Nice Work
By David Lodge
Viking Books
$18.95, 277 pp.
THERE are books. And there are books about books. In the most erudite of literary circles, people have even been known to write books about books about books. It uses up a lot of paper.
And then there are those conservation-minded writers who try to squeeze fiction, criticism and metacriticism into a single volume. Nice Work, the newest novel by the British writer and English professor David Lodge, is the result of just such an effort.
Like its predecessors, Changing Places and Small World, Nice Work is both a novel and an ironic commentary on itself. Along the way, Lodge also manages to take a few jabs at the 19th century industrial novel, the state of 20th century literary criticism and the lyrics of pop singer Jennifer Rush.
It all takes place in roughly the same universe as Lodge's prior two novels: the imaginary campus of Rummidge University in England. But unlike the two earlier works, which ranged over the entire globe, Nice Work confines itself almost entirely to the city of Rummidge, which, as the author explains, "occupies, for the purposes of fiction, the space where Birmingham is to be found on maps of the so-called real world."
And while Changing Places and Small "campus" novels, that description only half fits Nice Work. This novel concerns itself as much with the world of industry as with acadamia, as Lodge sets up a modern parallel to the world of 19th century industrial novels.

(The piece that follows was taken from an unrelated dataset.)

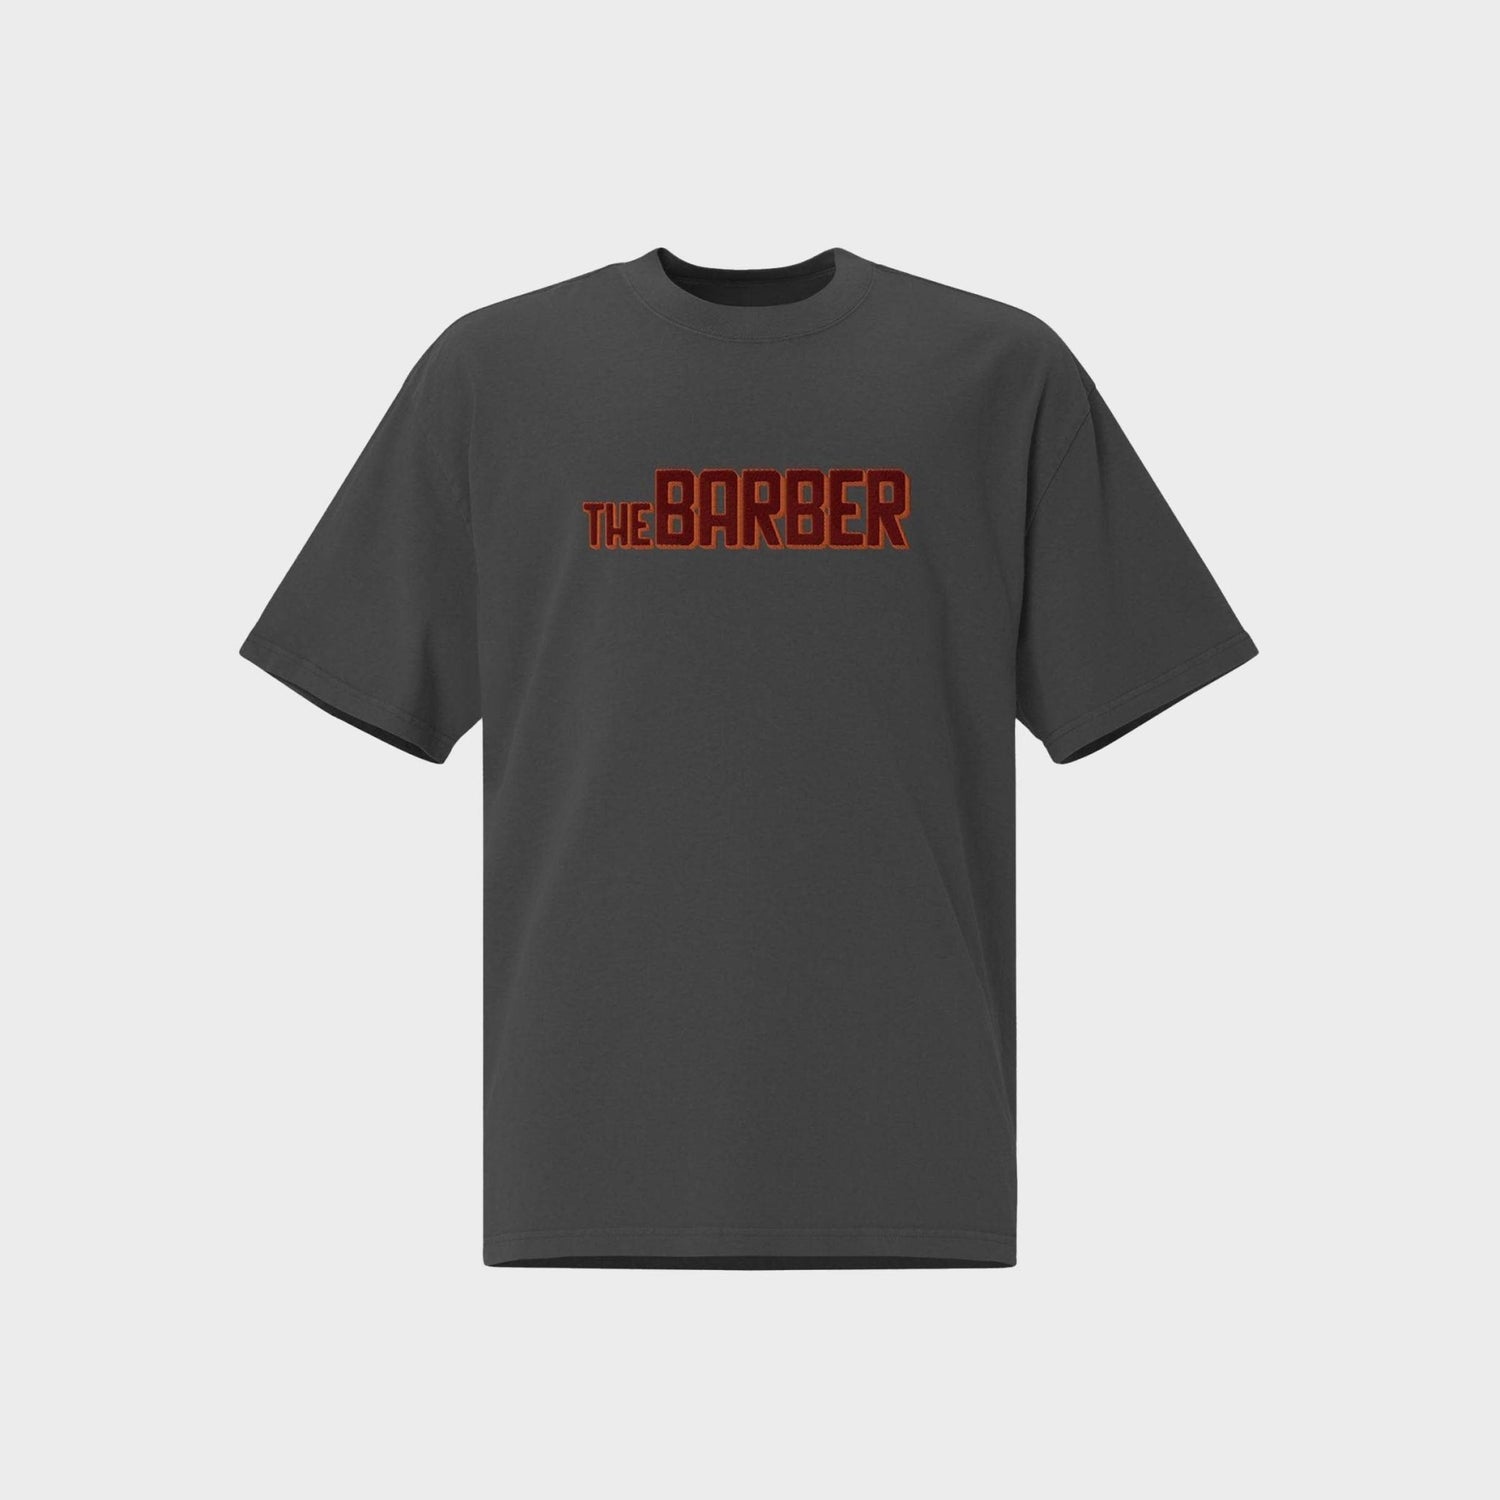 Statement Marron/Red - The Barber Style

WHICH subject just so happens to be the specialty of Robyn Penrose, a radical feminist scholar who has a temporary teaching post at Rummidge.
Through a university exchange scheme, she is assigned to spend one day a week as the "shadow" of Vic Wilcox, the managing director of a Rummidge engineering firm and a man who doesn't know--or care--that such a thing as literary theory exists.

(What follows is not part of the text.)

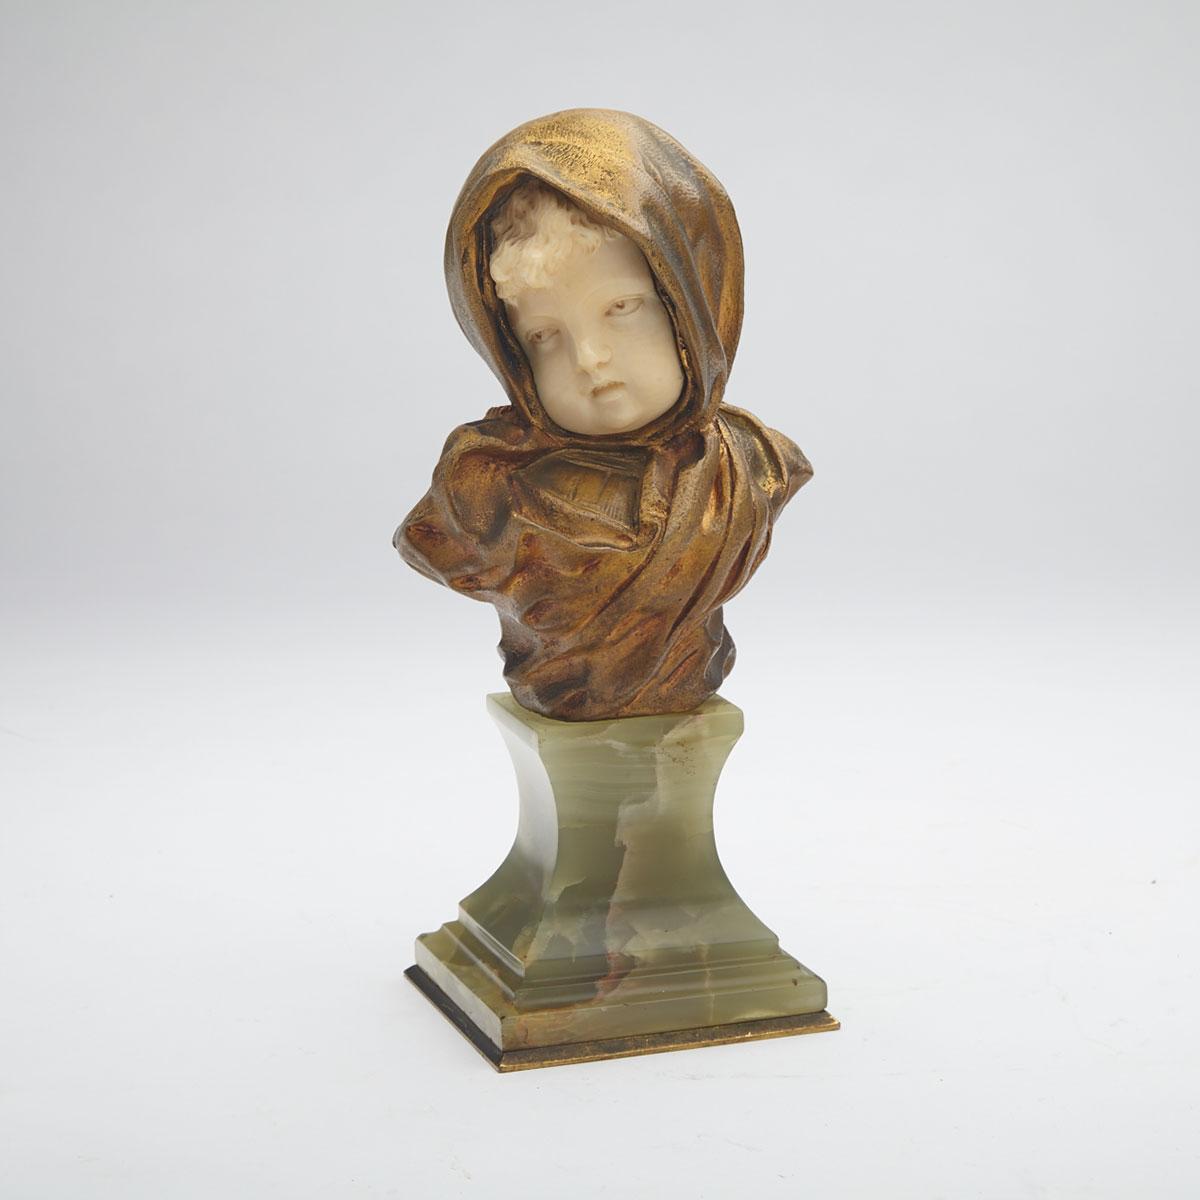 Small French Bronze and Ivory Bust of a Young Girl, G. de Thouin, 19th century

Despite her field of expertise, Robyn doesn't know the first thing about industry. At one point, when touring a factory, Robyn has to ask Vic what a foundry is. And when she arrives at the factory for the first time, she naively expects it to be something out of a Victorian novel; "Where are the chimneys?" she asks.
Reading Nice Work simply for the story is a waste of time. The characters are almost entirely one-dimensional. After introducing Vic and Robyn in the first section of the book, Lodge simply turns them loose--they almost automatically begin to lose their disrespect for one another, become friends and wind up in bed.
At this point Lodge simply pulls an ending out of a hat--every one gets saved. The novel simply falls back on what Robyn describes as the standard solutions of the Victorian novelist: legacy, marriage, emigration and death.
But the beauty of Nice Work is that abstract literary concepts take on a real meaning in determining the lives and outlooks of the characters. Vic, for example, sees the feelings he develops for Robyn as "love," while Robyn says that love is "a rhetorical device," a "bourgeois fallacy" and a "literary conjob." It's just another word used to exploit people.